[Excerpts from a dataset]
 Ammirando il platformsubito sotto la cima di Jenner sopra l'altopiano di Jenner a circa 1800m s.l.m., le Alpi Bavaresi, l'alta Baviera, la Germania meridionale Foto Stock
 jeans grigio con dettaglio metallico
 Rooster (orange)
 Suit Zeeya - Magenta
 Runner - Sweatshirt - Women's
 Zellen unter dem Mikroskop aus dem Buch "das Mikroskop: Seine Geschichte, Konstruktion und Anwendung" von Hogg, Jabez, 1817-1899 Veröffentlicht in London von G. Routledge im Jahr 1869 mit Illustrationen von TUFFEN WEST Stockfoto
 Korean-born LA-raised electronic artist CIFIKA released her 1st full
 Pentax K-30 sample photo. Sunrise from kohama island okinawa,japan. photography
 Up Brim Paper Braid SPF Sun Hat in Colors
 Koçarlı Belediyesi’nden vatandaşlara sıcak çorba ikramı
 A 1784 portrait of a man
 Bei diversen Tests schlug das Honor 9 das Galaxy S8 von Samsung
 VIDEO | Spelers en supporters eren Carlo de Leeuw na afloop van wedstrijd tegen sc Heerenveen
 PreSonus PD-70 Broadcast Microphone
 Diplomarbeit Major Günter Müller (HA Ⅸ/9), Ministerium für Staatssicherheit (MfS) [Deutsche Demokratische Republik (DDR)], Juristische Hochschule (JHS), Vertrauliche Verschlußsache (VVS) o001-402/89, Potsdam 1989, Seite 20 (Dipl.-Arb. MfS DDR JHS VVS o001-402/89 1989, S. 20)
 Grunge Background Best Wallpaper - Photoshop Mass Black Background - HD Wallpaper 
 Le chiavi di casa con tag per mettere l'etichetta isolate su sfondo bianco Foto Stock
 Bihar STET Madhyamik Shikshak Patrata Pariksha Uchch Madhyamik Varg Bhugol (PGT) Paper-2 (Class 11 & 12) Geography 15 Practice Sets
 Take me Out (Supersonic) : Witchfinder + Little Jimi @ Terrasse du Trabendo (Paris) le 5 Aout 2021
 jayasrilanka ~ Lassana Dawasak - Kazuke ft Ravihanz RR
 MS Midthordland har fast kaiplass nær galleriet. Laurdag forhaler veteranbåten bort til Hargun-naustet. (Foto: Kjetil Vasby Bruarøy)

● **WHAT TO PRODUCE**:
Only the lines above starting at the one containing "Pentax K-30 sample" and ending at the one containing "Bei diversen Tests", both included, are to be returned, exactly as they read.

● **TASK RESULT**:
 Pentax K-30 sample photo. Sunrise from kohama island okinawa,japan. photography
 Up Brim Paper Braid SPF Sun Hat in Colors
 Koçarlı Belediyesi’nden vatandaşlara sıcak çorba ikramı
 A 1784 portrait of a man
 Bei diversen Tests schlug das Honor 9 das Galaxy S8 von Samsung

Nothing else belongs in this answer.